On parle de plaie qui ne guérit pas lorsqu’une lésion cutanée ne ferme pas dans le délai attendu ou reste ouverte sans amélioration. Plusieurs facteurs peuvent en être responsables : maladies chroniques sous-jacentes, troubles circulatoires, infections, carences nutritionnelles ou pression prolongée. Ci‑dessous : aperçu pratique des causes, des moments où consulter et des conseils de prévention de base.
Qu’est‑ce qu’une plaie qui ne guérit pas ?
La cicatrisation normale comprend des phases d’inflammation, de réparation tissulaire puis de remodelage. Si la plaie stagne pendant des semaines, ou si sa taille/profondeur ne diminue pas, elle peut être qualifiée de chronique. Ce tableau peut concerner des coupures superficielles, des cicatrices opératoires, des ulcères du pied diabétique, des escarres ou des séquelles de brûlure.
Causes fréquentes et facteurs de risque
Parmi les facteurs ralentissant la cicatrisation : mauvais contrôle glycémique, insuffisance circulatoire (par ex. artériopathie périphérique), hypoxie locale, infection chronique, troubles immunitaires, dénutrition, tabagisme et pression répétée. Certains médicaments ou antécédents de radiothérapie peuvent aussi jouer un rôle. Souvent, plusieurs facteurs se conjuguent.
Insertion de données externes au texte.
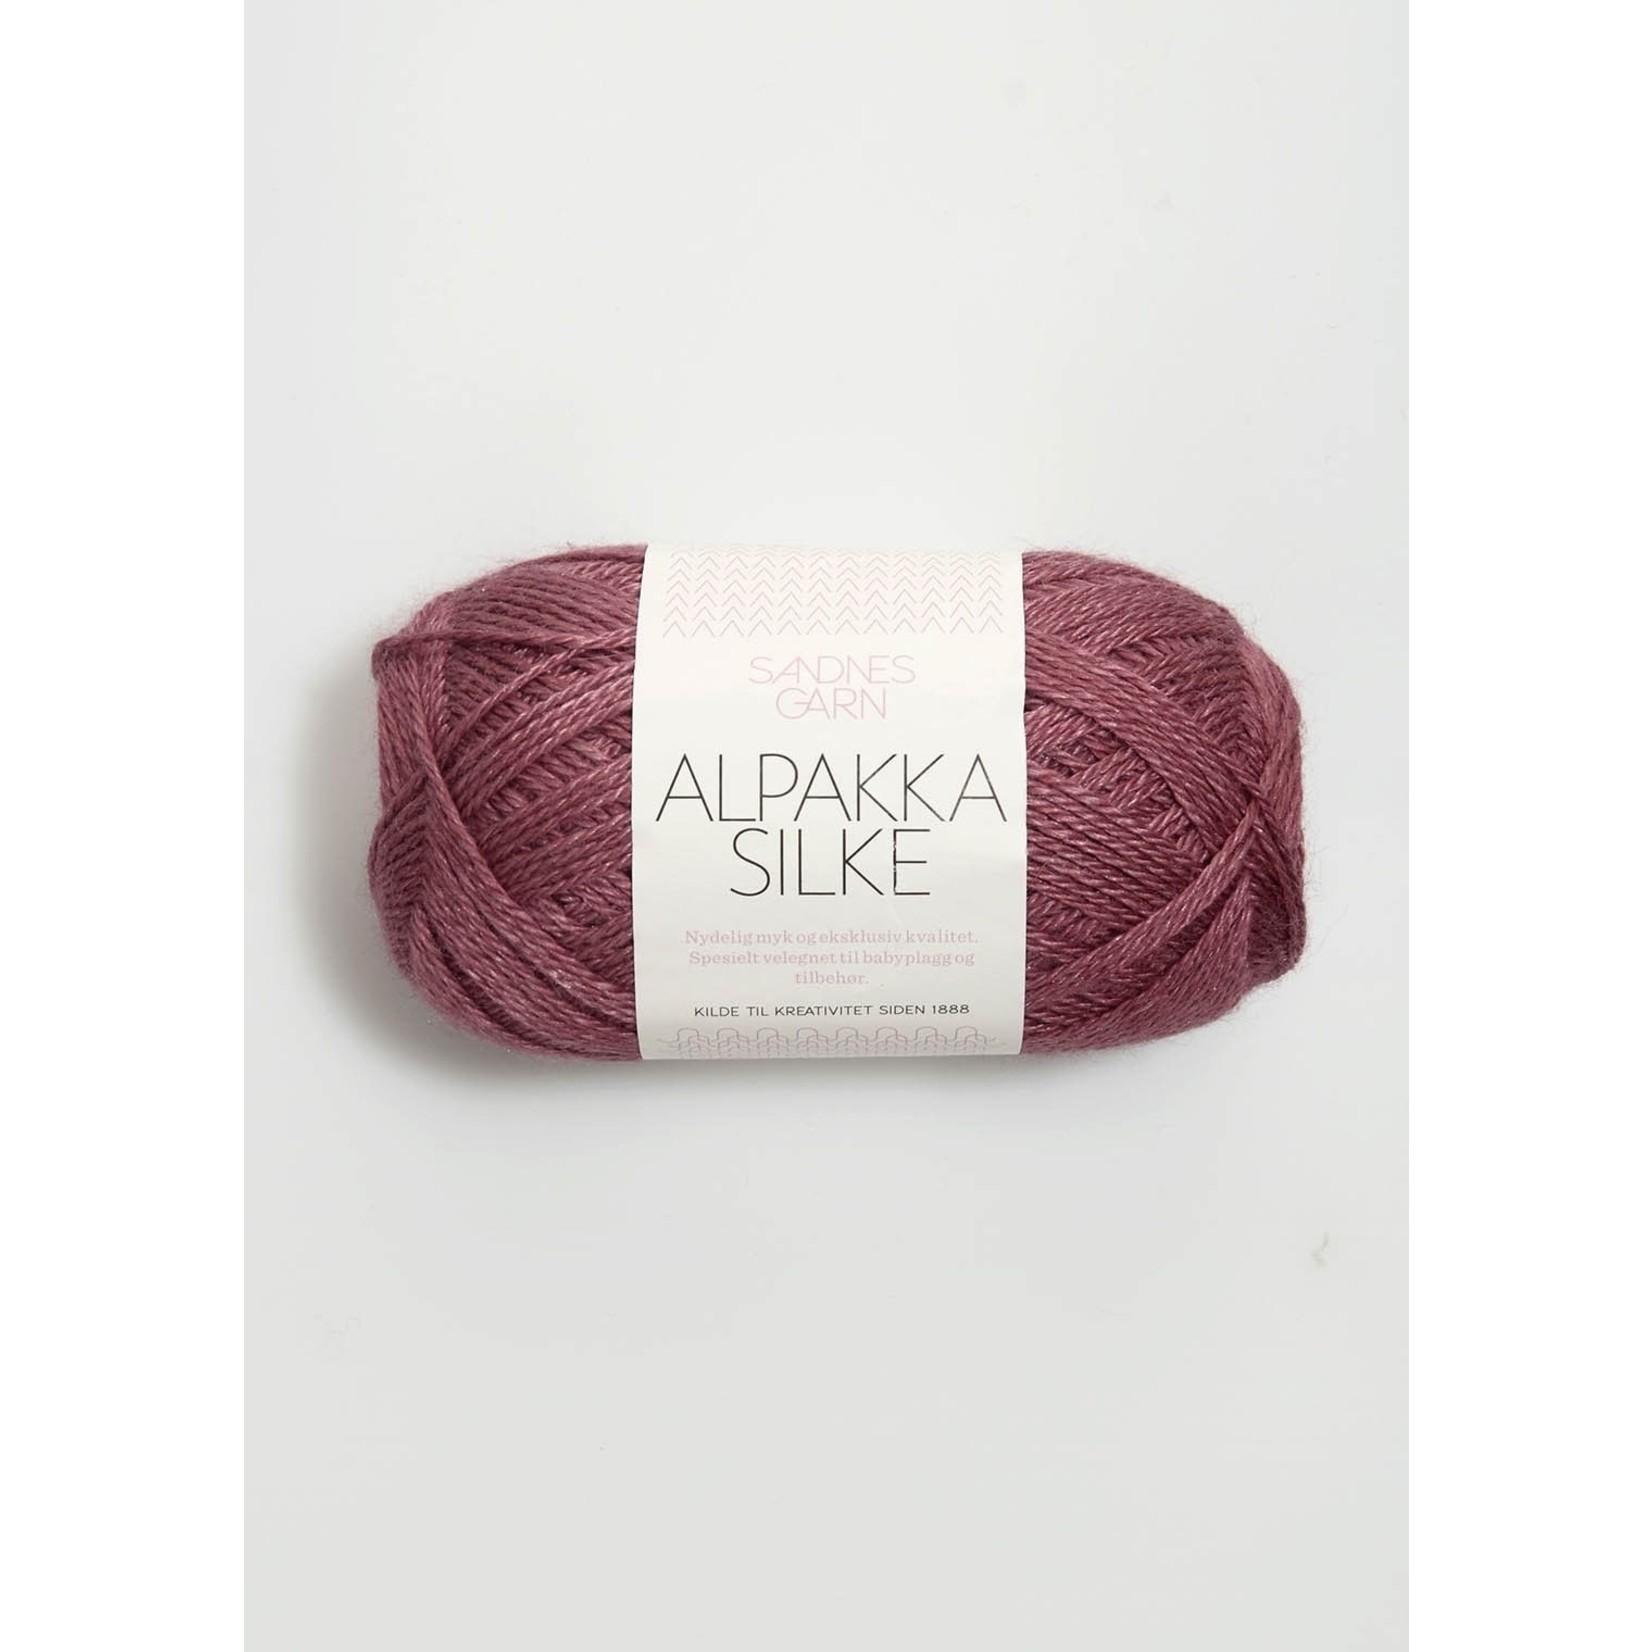 Sandnes Garn Alpakka Silke, 4244, Dark Old Pink
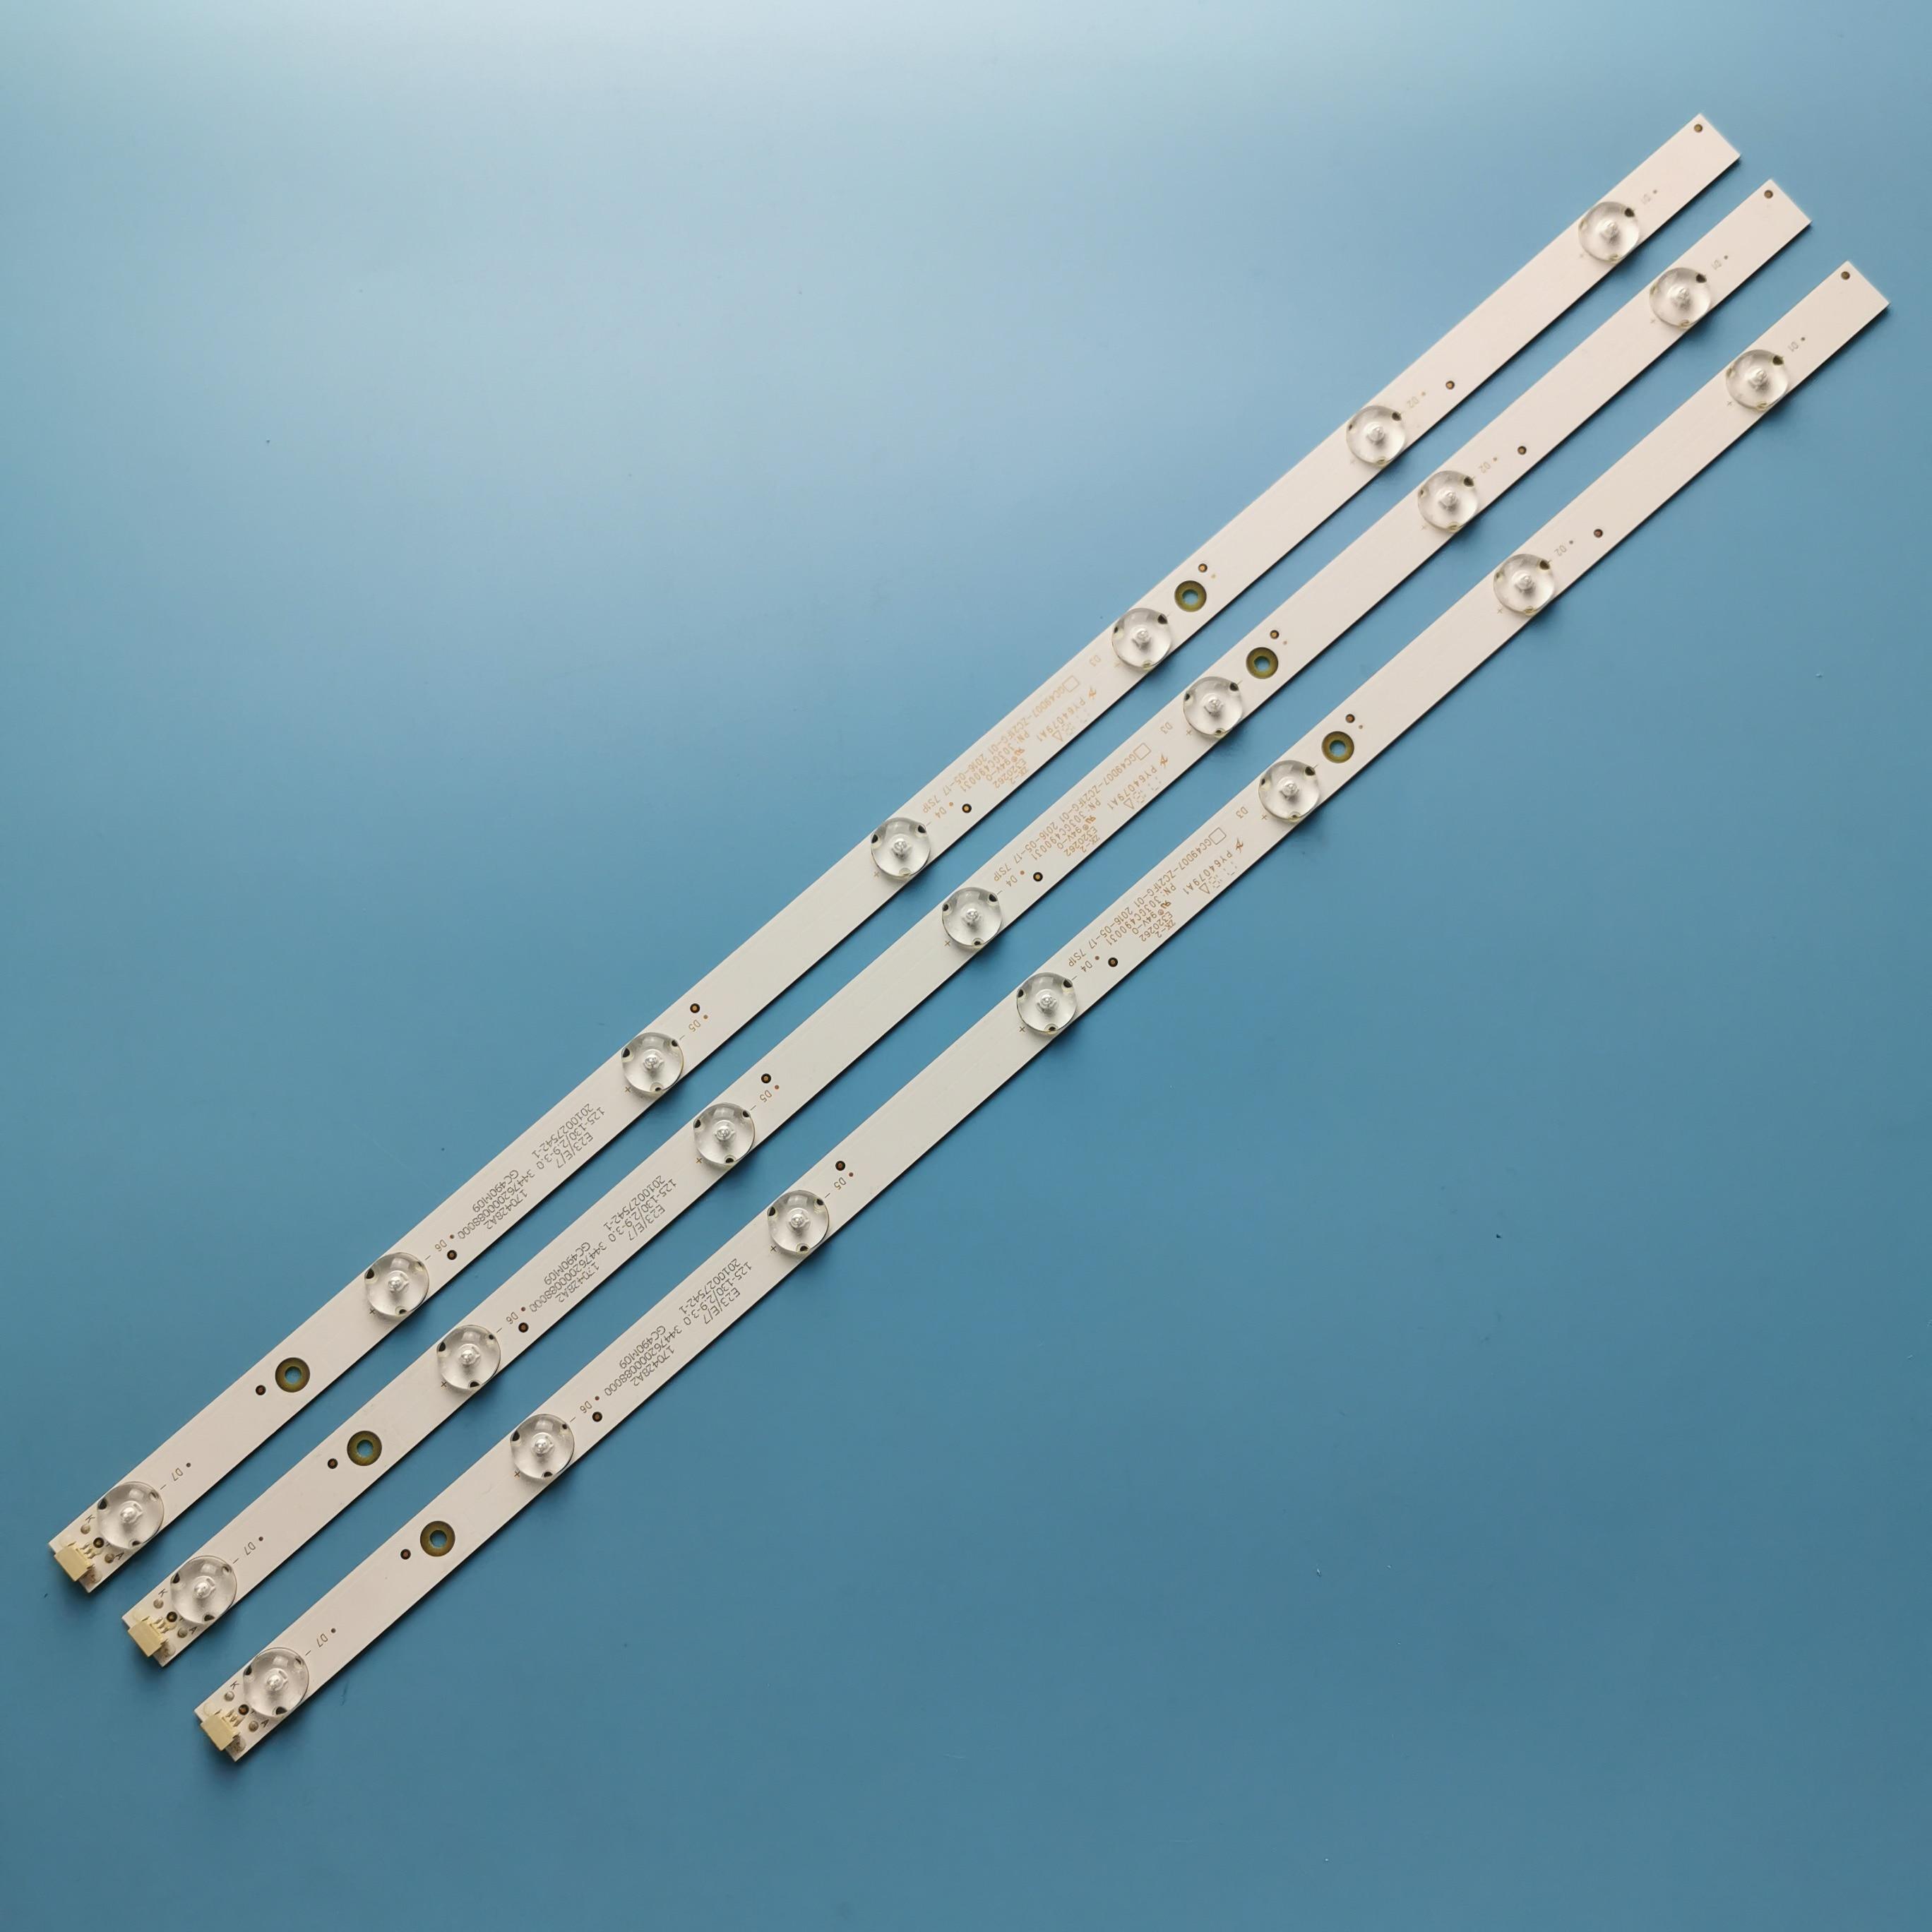 485mm LED Backlight Lamps Strips 7leds For  Philips 49PUF6261/T3 GC49D07-ZC21FG-01 303GC490031 GC490M06

Examens possibles et orientation
L’examen initial repose sur l’anamnèse et l’examen clinique pour caractériser la plaie. Des examens complémentaires peuvent comprendre un dosage de la glycémie, hémogramme, prélèvements pour culture si infection suspectée, et évaluations vasculaires (Doppler, indice cheville‑bras) pour apprécier la circulation. Ces résultats aident à décider de l’orientation vers un spécialiste : médecin généraliste, dermatologue, infectiologue, chirurgie vasculaire ou centre de plaies.
Signes nécessitant une prise en charge urgente
Consultez rapidement si la plaie augmente rapidement, si la douleur est intense, en cas de fièvre, d’étendue croissante des rougeurs, d’écoulement malodorant ou purulent, de saignement incontrôlable, ou de perte de fonction ou de sensation dans un membre. Ces signes peuvent traduire une infection grave ou un risque de nécrose et justifient une évaluation urgente.
Soins quotidiens et prévention
Les principes de base incluent le maintien d’une hygiène adaptée, la protection contre les pressions répétées, l’équilibre de l’humidité locale et la gestion des maladies chroniques (diabète, problèmes vasculaires). Arrêter le tabac, veiller à un apport protéique et vitaminique suffisant, porter des chaussures adaptées et surveiller régulièrement la peau à risque réduisent les complications. Pour un plan de soins personnalisé, adressez‑vous à un professionnel de santé.